# Vintage Vespas



## Mr. B. Scott Robinson (Jan 16, 2017)

It has become a bit of a fetish in my corner of the globe for expats to seek out and purchase antique Vespa scooters and have them sent back home. These are models from the 1960s. 

I have a good understanding of the antique car market, so I am surprised that these cobbled together "Frankenstein Monster" type Vespas hold any significant collector interest since they are about as far from a pristine "barn find" as could be. 

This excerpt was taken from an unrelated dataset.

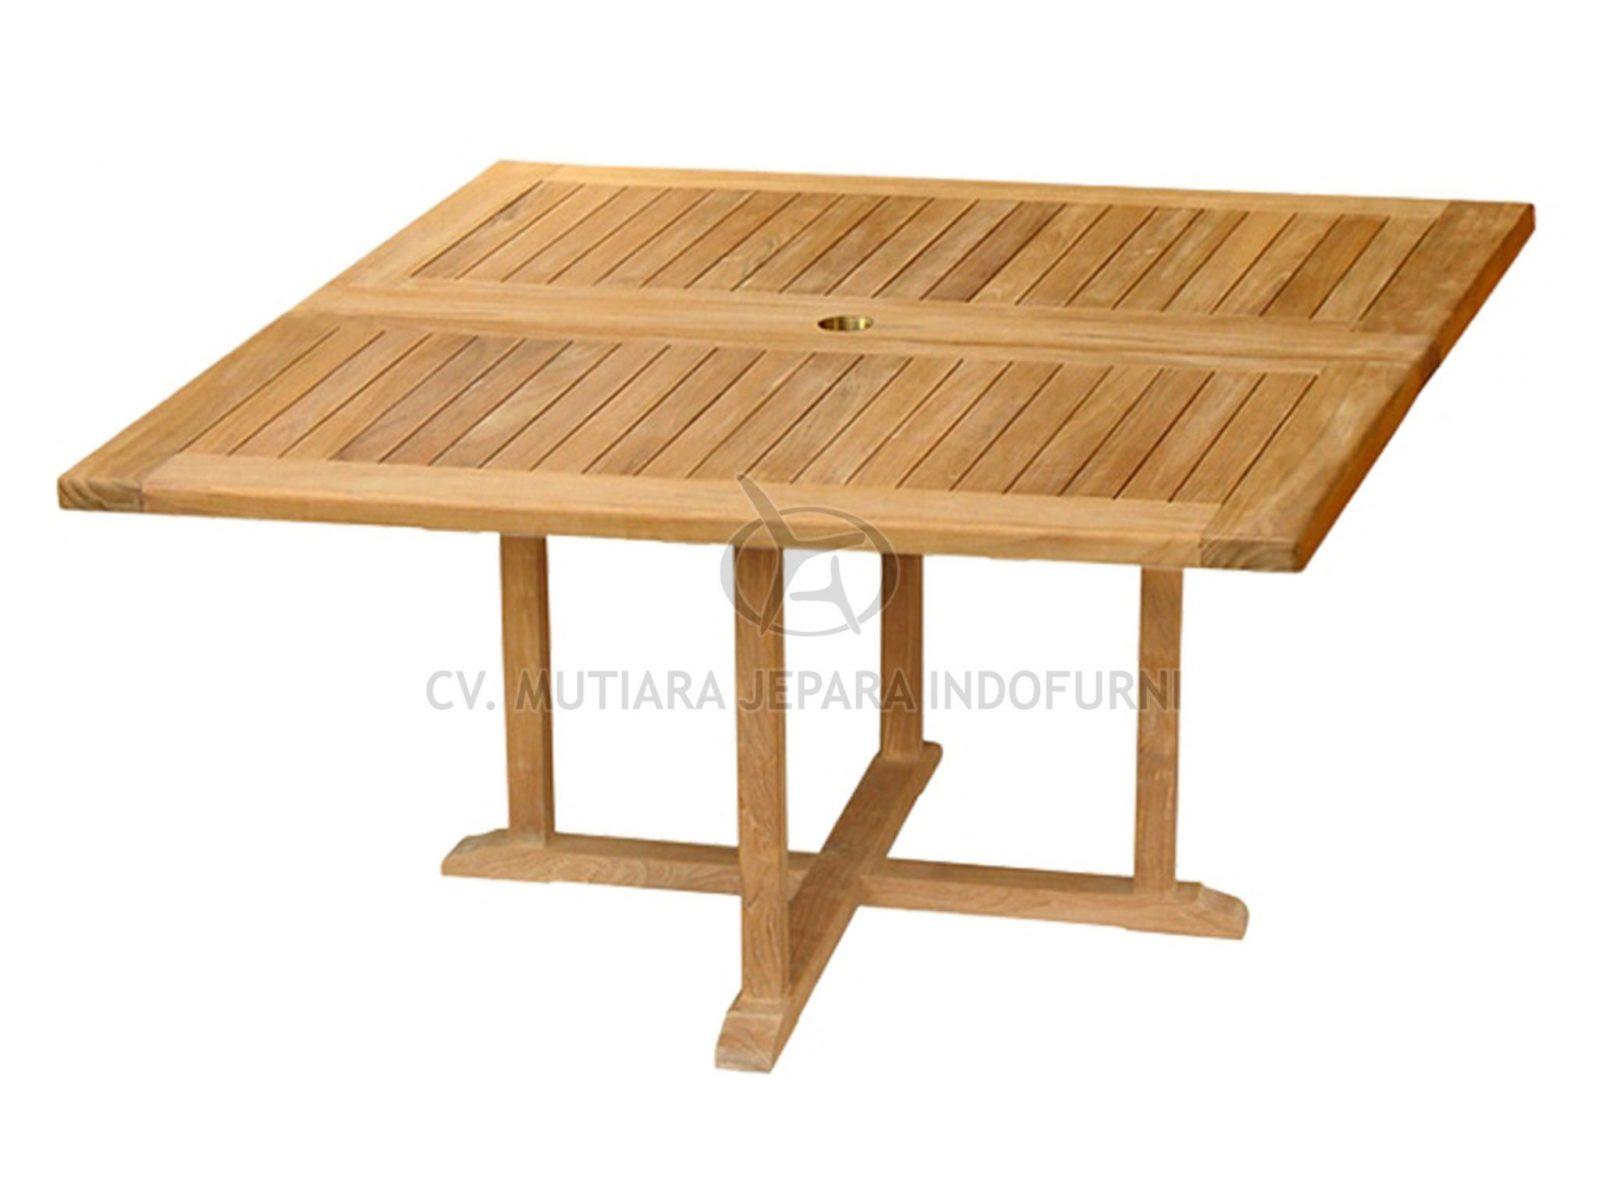 Square Fixed Table Teak Furniture Indonesia Furniture Manufacturer

Anyone have any insight into these types of bikes? 

Cheers, 

BSR


----------



## Mr. B. Scott Robinson (Jan 16, 2017)

Some photos....


----------



## eagle2250 (Mar 24, 2006)

Not trying to be funny, but rather just seeking clarrification, is the first picture of a white Vespa, parked in soneone's kitchen? I "oh-so-loved my Harley Sportster"...but I never parked it in the house! LOL.


----------



## Mr. B. Scott Robinson (Jan 16, 2017)

Apparently, yes. These are photos of Vespas for sale by one of the larger dealers of used Vespas in the country. 

Cheers. 

BSR


----------



## Oldsarge (Feb 20, 2011)

A passion for which I can imagine no logical explanation.


----------



## derum (Dec 29, 2008)

Vespas and Lambrettas were popular with mods in the UK in the 60's and had a resurgence in the 70's. Old models of both are desirable and collectible. There were many manufacturers jumping on the bandwagon in the 60's as this interesting article details.....

https://parkaavenue.blogspot.com/2015/01/scooters-that-never-became-popular-with.html


----------



## Oldsarge (Feb 20, 2011)

Vespa-ish scooters are the local equivalent of either the family car or a pickup truck in SE Asia.


----------